Por un error de calculo o metodológico tengo un diente montado. Es una historia de las pocas que recuerdo con nitidez de mi infancia; Tenía aproximadamente ocho años y era un seguidor incondicional de Miguel Indurain. Por aquel entonces el ciclismo y el Tour de Francia era lo máximo a lo que podía aspirar un niño. El futbol no me interesaba y la selección siempre caía en cuartos. Los hitos de Indurain eran celebrados por todo el país, y el Tour no era recetado por aquel entonces como un fuerte sedante de sobremesa. Después de cada etapa salía al jardín de mi casa y daba miles de vueltas en mi bici Boomerang, una y otra vez, una y otra vez.

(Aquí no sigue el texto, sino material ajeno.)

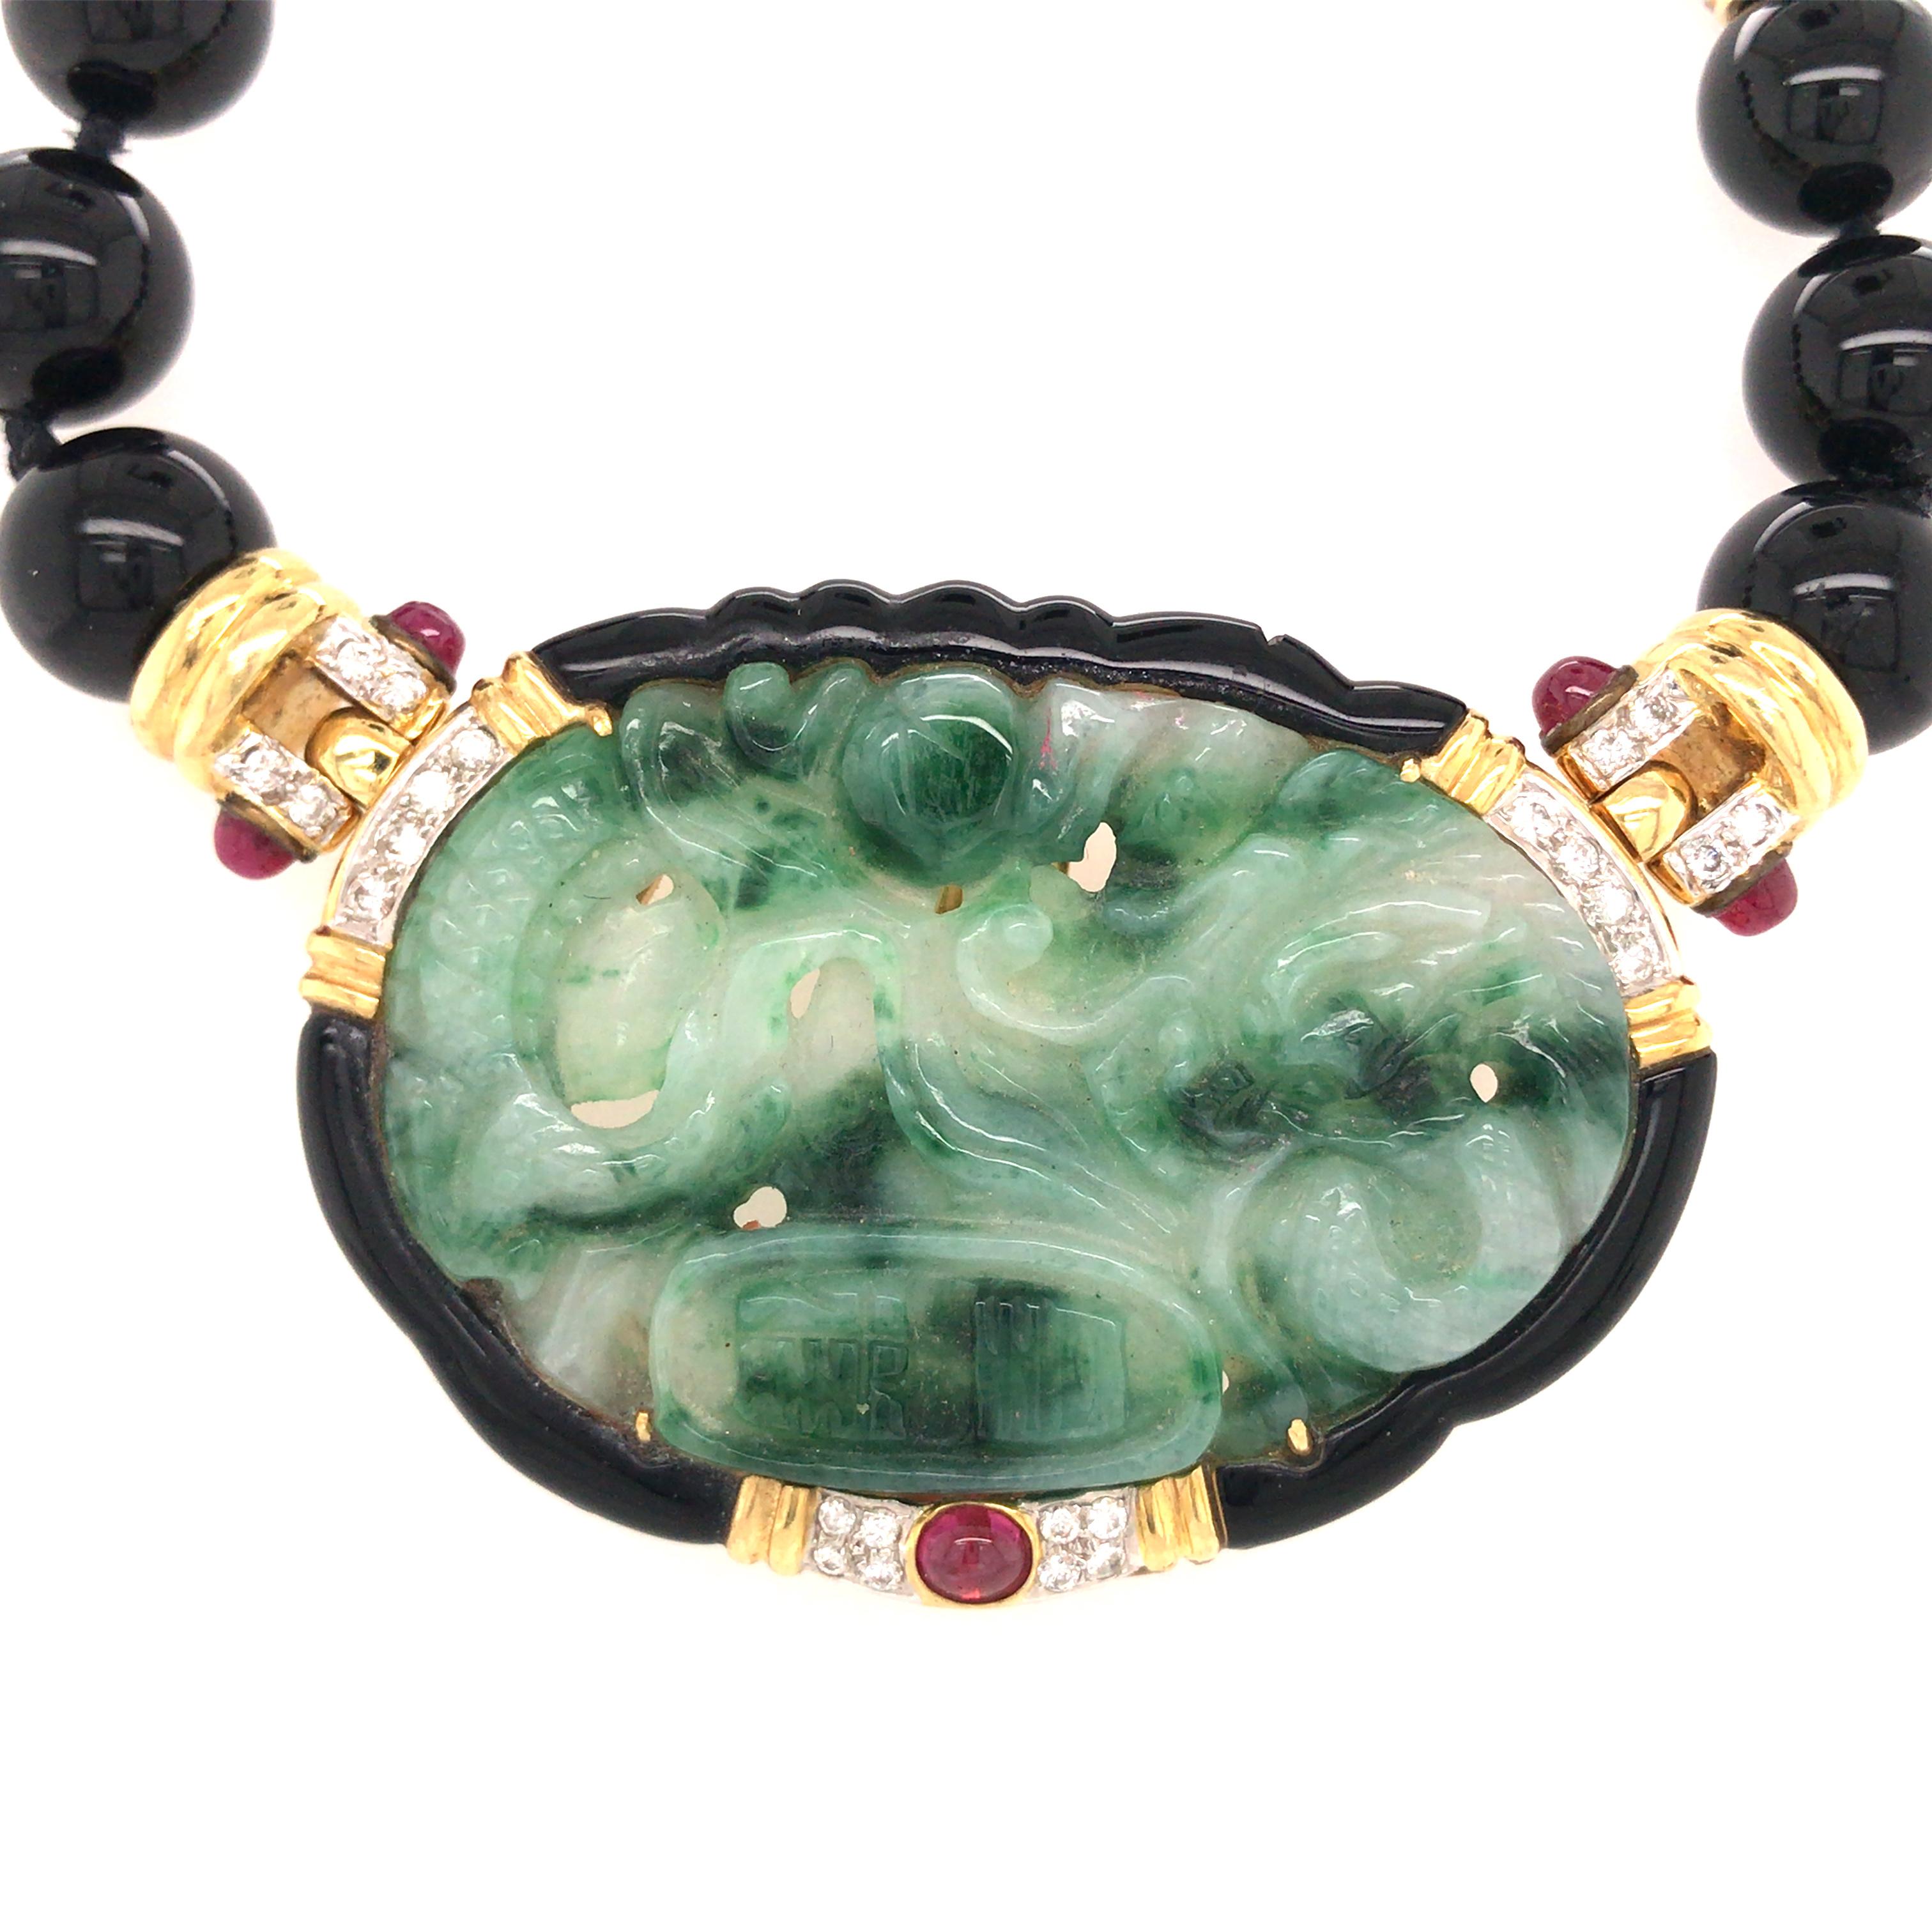 Jade, Ruby, Onyx and Diamond Pin/Enhancer/Necklace in 18K Yellow Gold.  The center oval Jade piece can be removed and worn as a Pin or Enhancer on another Necklace.  The Pin measures 2 inch in length and 1 1/2 inch in width.  The Necklace measure 14

Así que un día, por razones que desconozco, intenté arreglar, o decorar mi bici, o hacer alguna que otra chapucilla con cinta aislante blanca – seguramente por influencia directa de McGiver o el Equipo A que con un chicle y cinta aislante te hacían un cohete-  Y como por aquel entonces mi madre me escondía las tijeras y los mecheros – estos últimos por mi pequeña afición a quemar papeles dentro de casa – Pues decidí que la que cortar un trocito de cinta con los dientes era buena idea. Diente de leche arrancado, sangre incipiente, berrinche inminente. Fue un error, un errortonto. Así que por esa razón y porque todavía no tenia espacio suficiente para que el nuevo diente – ¿de leche de soja?- creciese en su sitio tengo un diente montado detrás de la fila de incisivos de abajo.

No es que se note mucho, ni se ve a simple vista, no me afecta de ninguna manera. No he rallado ningún techo ni puedo abrir latas con él. No hay ninguna chica que se haya quejado de un jirón de labios por culpa de mi dientecito singular.

Casi nunca soy consciente del mismo a pesar de limarlo con la lengua todo el rato, pero hoy me he parado a pensar que por errortonto tengo algo de lo que nunca soy consciente pero que siempre está presente.

Errorestontos. A veces no los buscas ni los provocas, son entropías irreconciliables con el presente. Amanda se fue hace casi dos años por un errortonto. Y por otras circunstancias que no vienen al caso. He vivido muchas cosas desde estonces; he querido y me he enamorado – a pesar de aquello que dices esta y no más – me he sentido triste y me he sentido tan feliz como el niño que sale de la escuela. he hecho el amor a chicas en las que desgranaba mi vida en su vientre; he follado con desconocidas. He cruzado miradas, sentido latidos, acallado gritos y secado lágrimas. Algunos arboles se tumbaron al paso de los años. Se vinieron a bajo mis techos; tuve nuevas maneras de conocerme y de conocerte a ti también. Tuve otra manera de acariciar el pasado.

Soy consciente de que hay dientes montados que no se pueden arreglar – salvo que  me que esté dispuesto a que me succionen la baba con un tubito – Pero eso no quita que hubiese preferido que no hubiesen pasado, y que de vez en cuando, sin razón aparente y sin rencor ni remordimientos te preguntes qué hubiese pasado si no tuviese este diente montado o si Amanda siguiese trayéndome gominolas después de clase.

Hay recuerdos buenos y malos que puedes limar con la lengua. Hay errorestontos de los que nunca te acuerdas, de los que nunca eres consciente pero que siempre están presentes.